Dear Society: Women Shouldn’t Have To Dress Modestly To Be Respected Or To ‘Avoid’ Rape

Caju Gomes

Reducing the complexity of a woman to her body or equating her character to the way she dresses has been a damaging way to deny women their humanity and to victim-shame survivors of sexual assault and rape. In public schools, young girls across the country have been kicked out of proms and suspended from school for wearing clothing that was deemed too “revealing” and distracting, sometimes in light of overly rigid dress codes.  Unsurprisingly, the common targets of such policing tend to be women and it’s sadly only a microcosm of a larger culture in which women’s bodies and clothing choices are perpetually policed and shamed.

Rape victims are still being interrogated about what they were wearing at the time of assault, despite the fact that the length of a woman’s skirt should never be seen as a measure of her consent. Rape and sexual assault can happen to anyone at any time under any circumstances – whether they are wearing a burqa or a bikini. Society should know by now that this is a crime driven by a need for power, not by passion or sexual desire.

Yet even today, a woman’s “character” comes into question should she ever choose to dress or behave in a way that society deems as immodest. Just a month ago, NYPD police claimed that a 18-year-old woman could not possibly be a rape victim because she posted provocative selfies.

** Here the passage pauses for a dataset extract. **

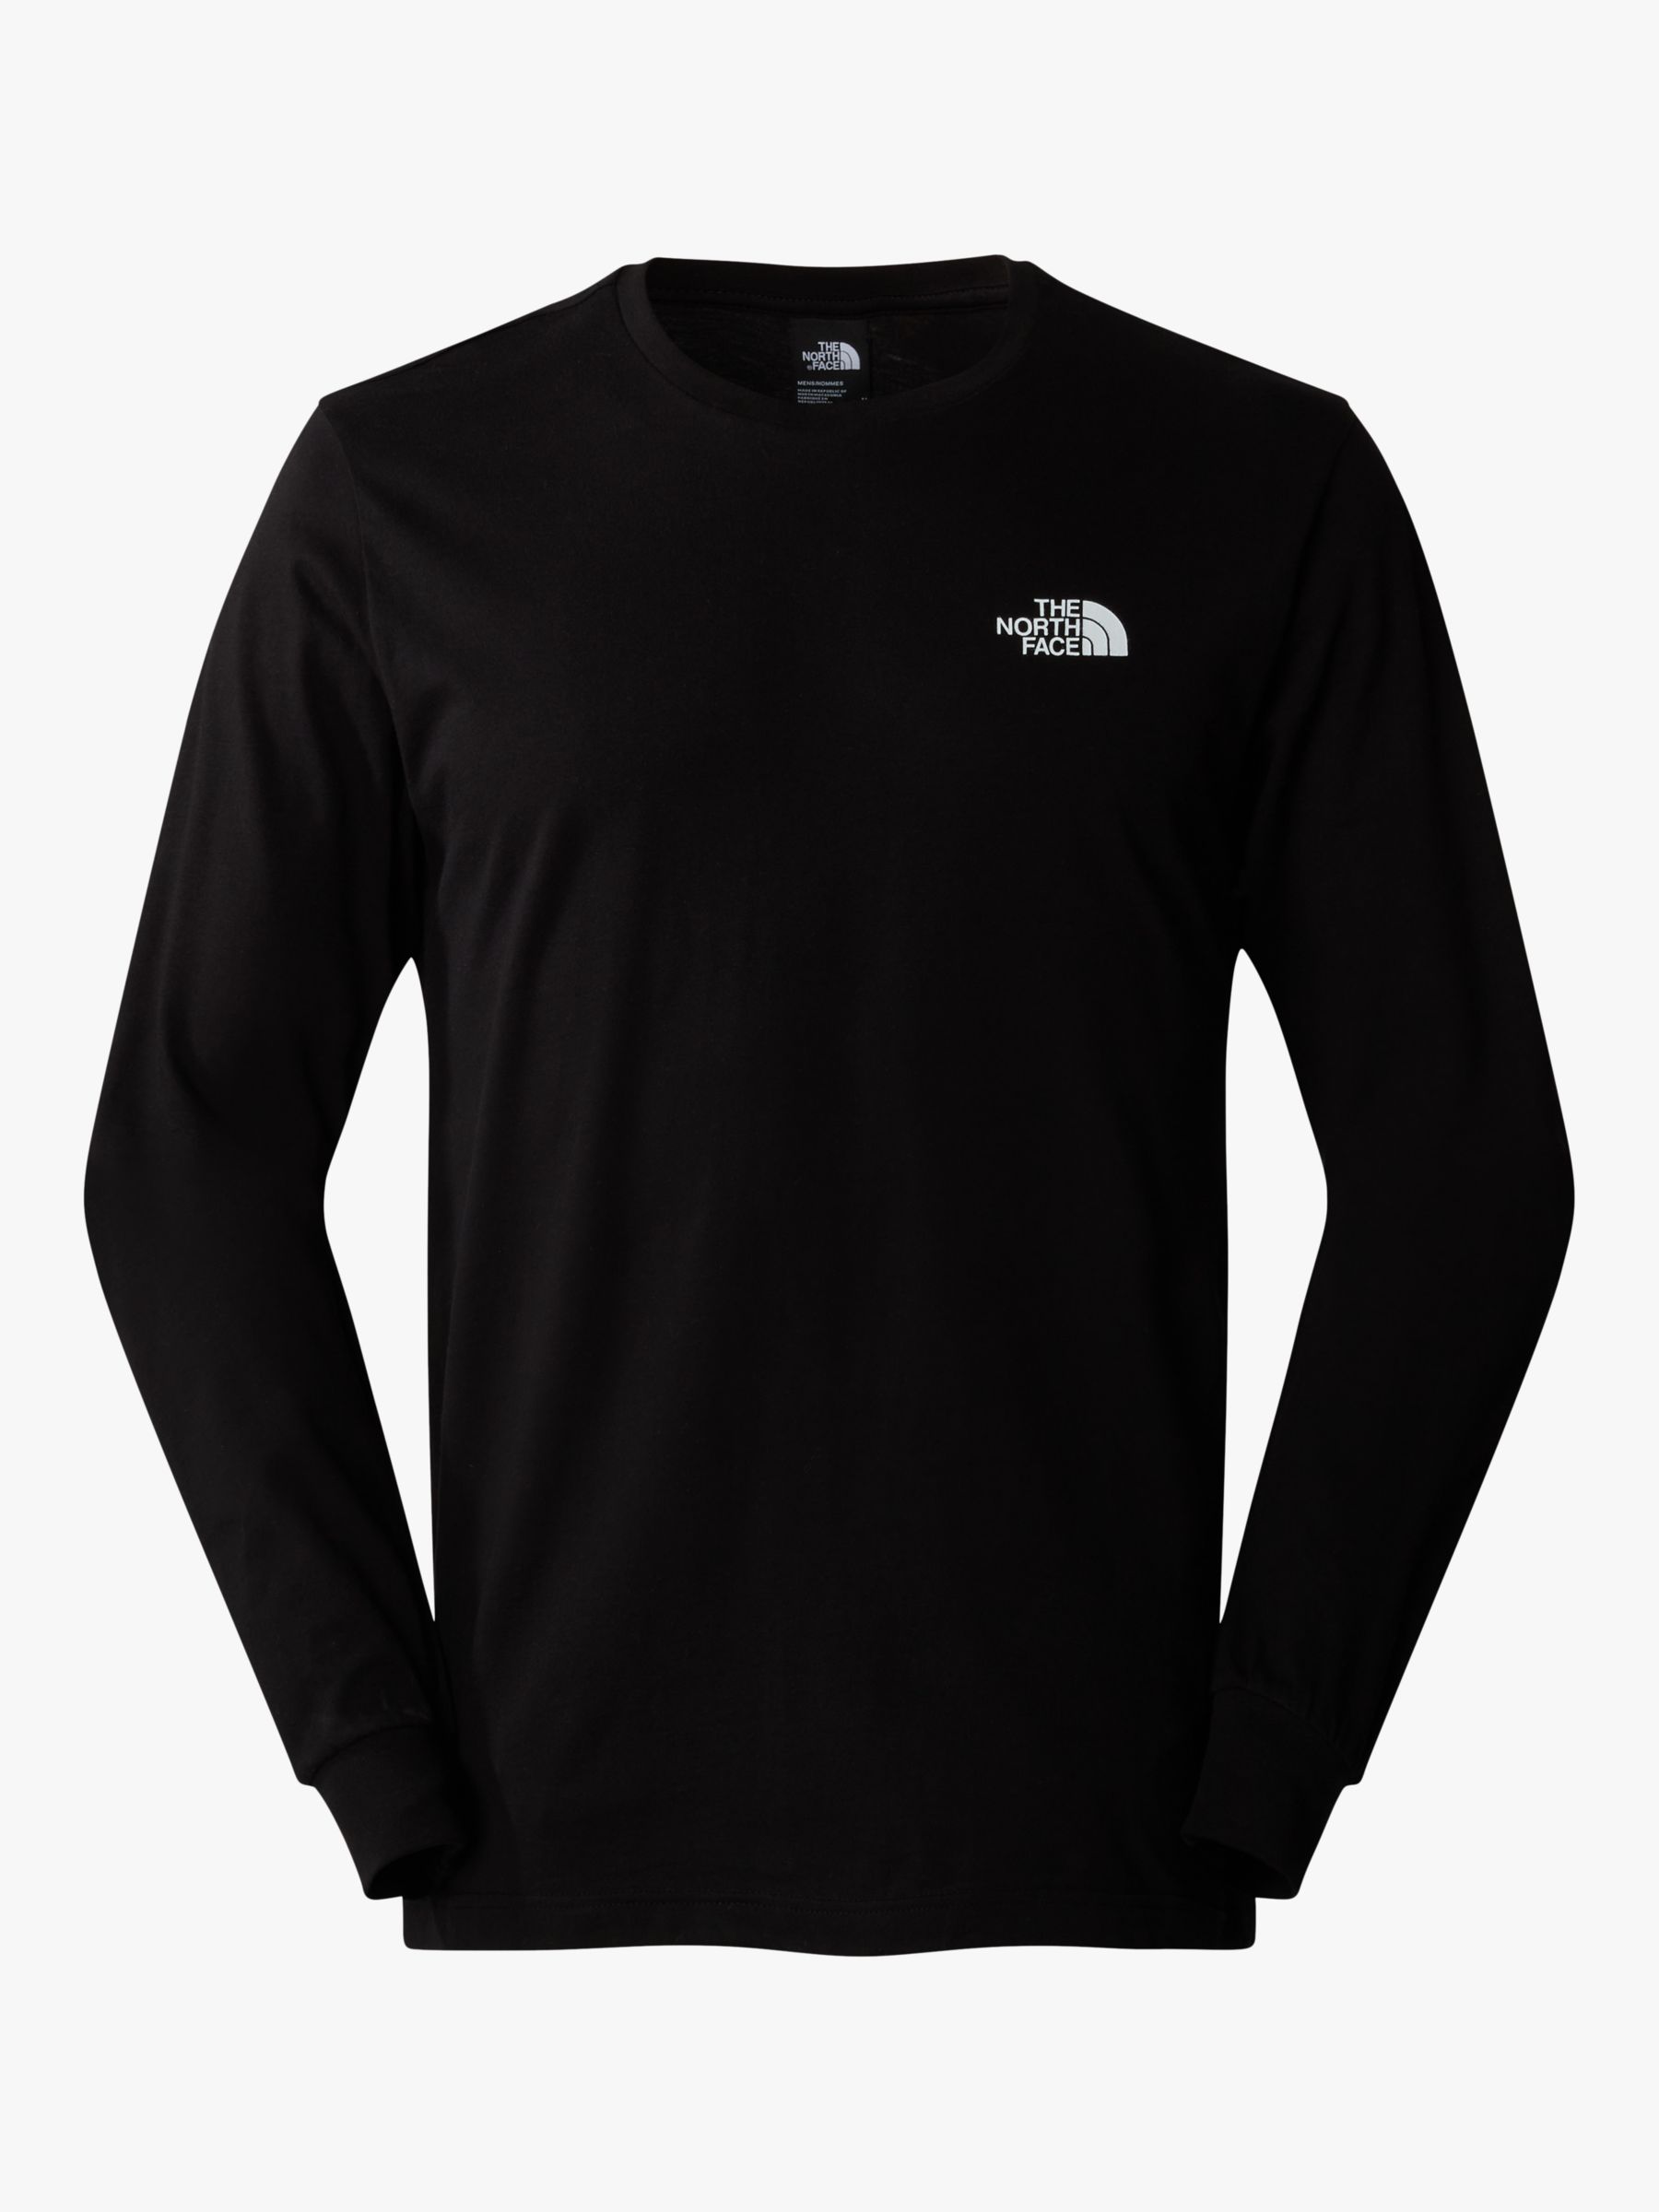 The North Face Easy Long Sleeve T-Shirt, Black, XL

But why on earth would posting “provocative selfies” ever negate the experience of being violated? Why are women constantly asked to cover themselves and be responsible for the potential reactions and actions of other people, especially predators?

This expectation of modesty has been placed on women far too long and has been used against them to excuse, minimize and rationalize horrific acts of violence.

Modesty shouldn’t be a prerequisite for respect and it shouldn’t be the sole indicator of self-respect. The level of modesty a female victim is perceived to have in her clothing choices is irrelevant – she is not to blame for the actions of her perpetrators.

There are many ways to respect yourself that have nothing to do with clothing. Modesty is a personal preference and is just as legitimate of a choice as a woman choosing to dress in a more revealing manner.

The problem with controlling the way women dress in an effort to control the predatory responses of other people is that clothing itself is not the problem.

We are, as a society, conditioned to see women as objects. Their bodies – however modestly wrapped – are already over-sexualized even as young teens (or, as the disturbing show Toddlers and Tiaras shows us, as children). This means that whenever we see a woman who bares her legs, cleavage, or even her collarbones, we reduce them automatically to objects rather than multifaceted human beings. We forget their humanity in the process.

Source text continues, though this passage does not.